Computer Vision API for Object Detection, Recognition, and Analysis
Computer vision features are extracted in the warehouse's Decompose layer and queried through multi-stage retrieval pipelines. Detect objects, classify images, extract text, and build visual similarity search across millions of images with managed GPU infrastructure.
What is Computer Vision?
Computer vision enables machines to interpret and analyze visual data -- images, video frames, and documents. Mixpeek transforms computer vision from a per-image API call into a searchable infrastructure layer where every visual feature becomes queryable.
From Analysis to Search
Traditional computer vision APIs analyze one image at a time and return labels. Mixpeek processes images through feature extraction pipelines, generates embeddings, and indexes everything into Qdrant namespaces. The result is not just labels -- it is a searchable visual knowledge base you can query with text, images, or metadata filters.
Multi-Model Pipelines
Run multiple vision models on every image in a single collection pipeline. Combine object detection with classification, OCR, and embedding generation. Each extractor adds a layer of understanding to your visual data, all indexed together in the same namespace for multi-faceted search.
Managed GPU Infrastructure
Computer vision models require GPU compute. Mixpeek runs all feature extractors on auto-scaling Ray GPU clusters, so you never manage GPU instances, model serving, or batch job infrastructure. Process millions of images with the same API you use for one.
Computer Vision Capabilities
Every visual analysis capability you need, from object detection to visual similarity search, running on managed GPU infrastructure.
Object Detection
Detect and localize objects within images and video frames with bounding boxes and confidence scores. Index detected objects as searchable metadata across your entire visual dataset.

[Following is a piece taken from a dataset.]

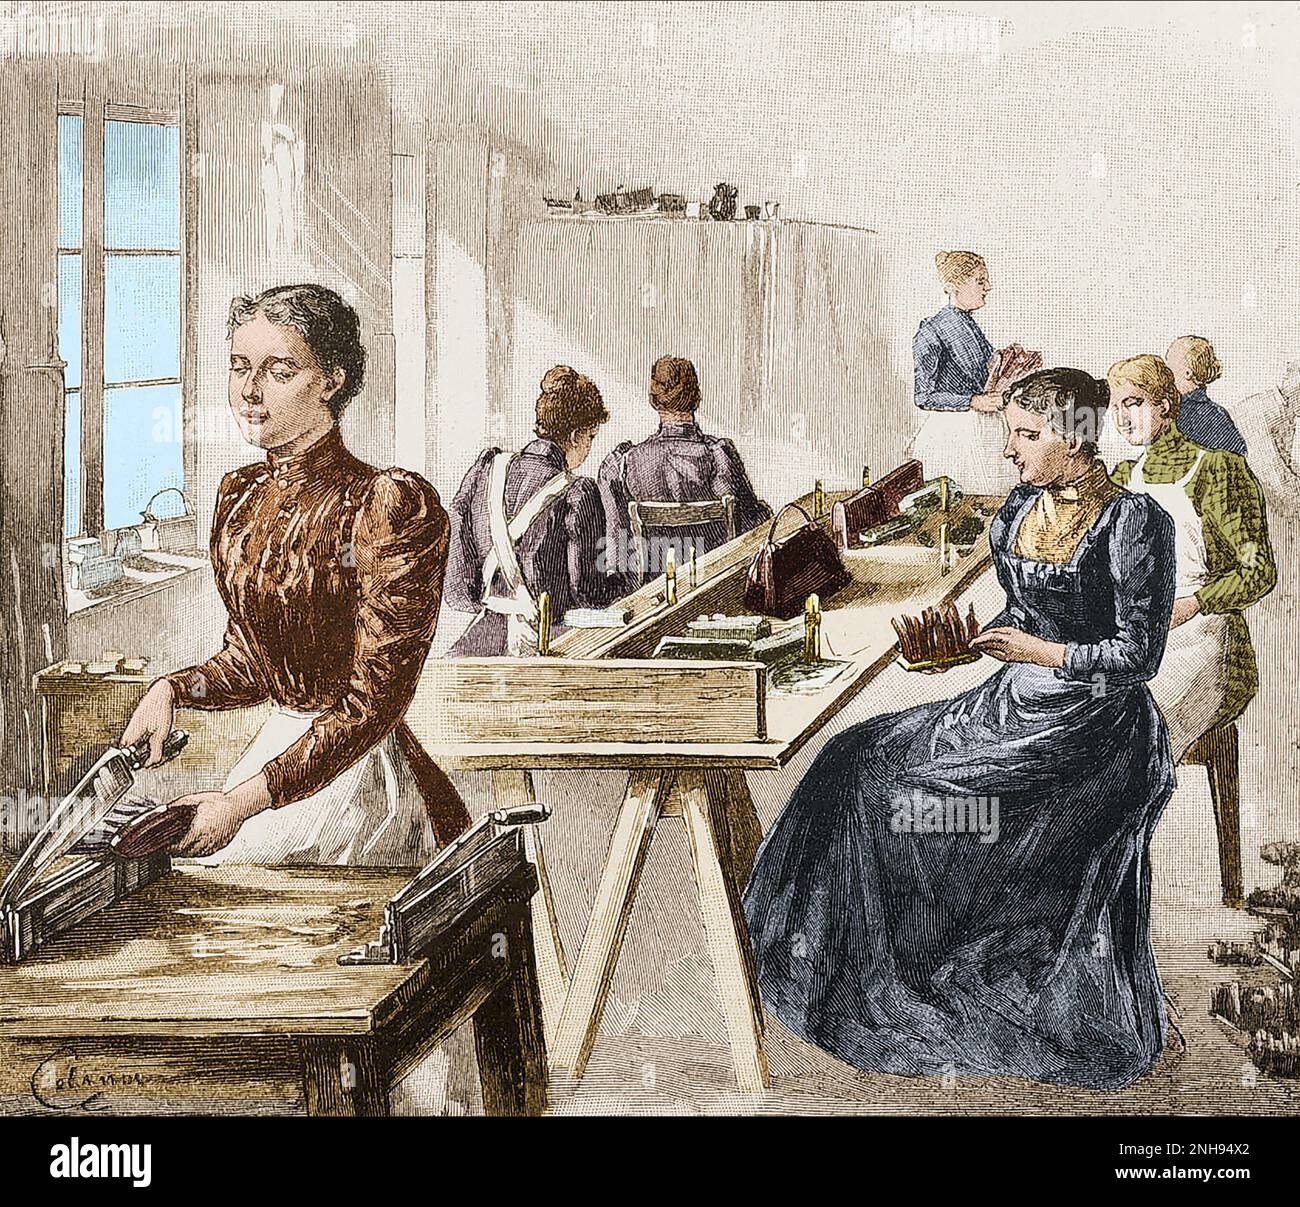 Blinde Frauen machen Stiefel in einer Blindenschule im 19. Jahrhundert. Valentin Hauy (1745-1822) gründete 1785 in Paris die erste Blindenschule, die Louis Braille 1819 besuchte. Andere Blindenschulen folgten seinem Modell. Gefärbt. Stockfoto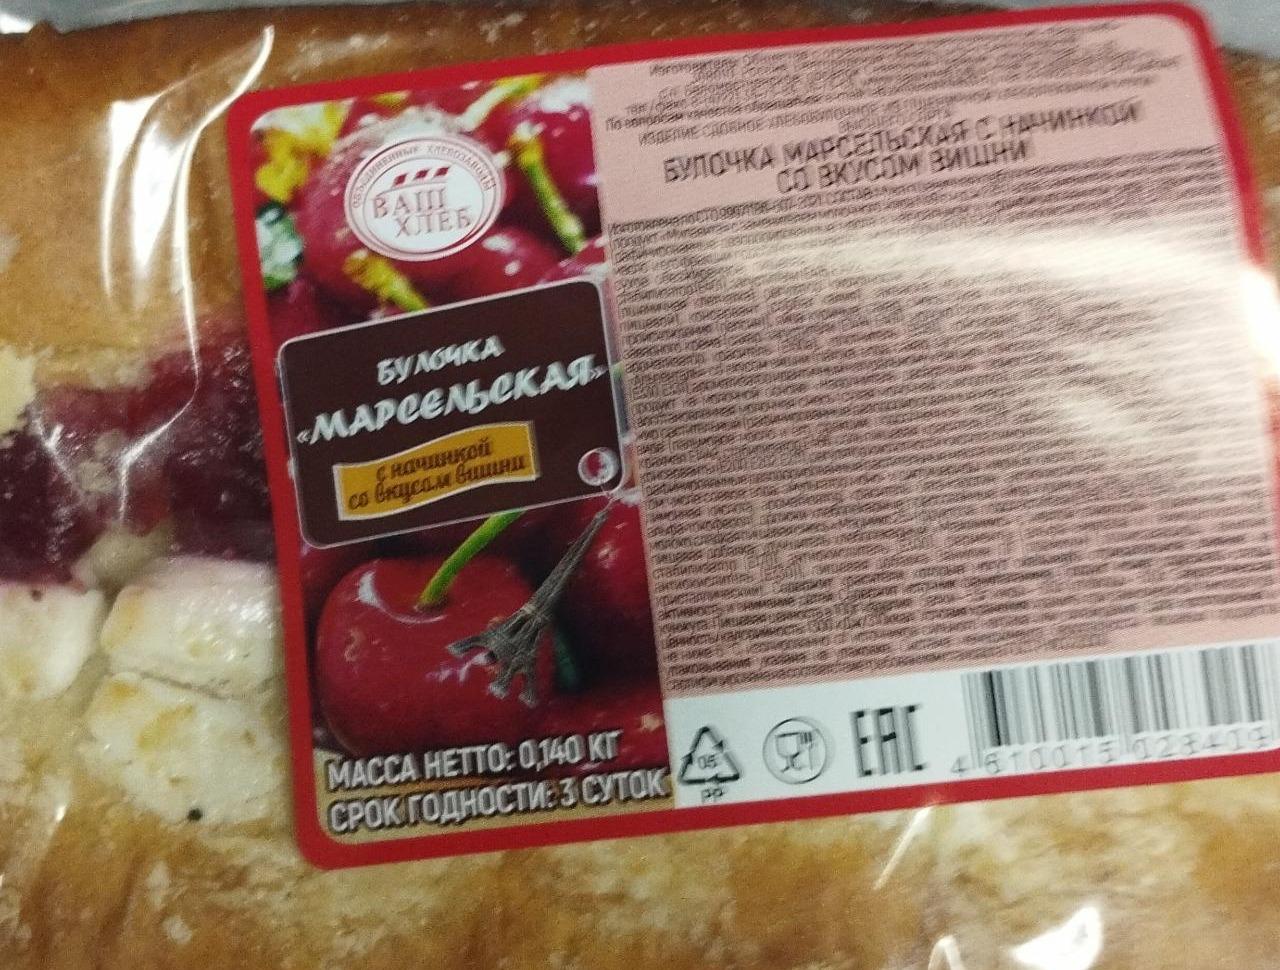 Фото - Булочка Марсельская с начинкой со вкусом вишни Ваш хлеб

- Multi-class object detection with bounding boxes
- Confidence scoring and threshold filtering
- Searchable object metadata in Qdrant namespaces
Image Classification
Classify images into categories using pre-trained or custom models. Automatically tag images with labels, categories, and hierarchical taxonomies during ingestion.
- Multi-label classification with confidence scores
- Custom taxonomy support via Mixpeek taxonomies
- Hierarchical category tagging
Scene Understanding
Analyze the overall context of images and video frames. Extract scene descriptions, spatial relationships between objects, and environmental attributes for semantic search.
- Natural language scene descriptions
- Spatial relationship extraction
- Environmental and contextual attribute detection
Face Detection and Analysis
Detect faces in images and video with landmark localization. Extract face embeddings for similarity search across your visual data while respecting privacy configurations.
- Face detection with landmark localization
- Face embedding extraction for similarity search
- Configurable privacy controls and redaction
Optical Character Recognition
Extract text from images, screenshots, and scanned documents. OCR output is indexed alongside visual features, enabling search across both visual and textual content in a single query.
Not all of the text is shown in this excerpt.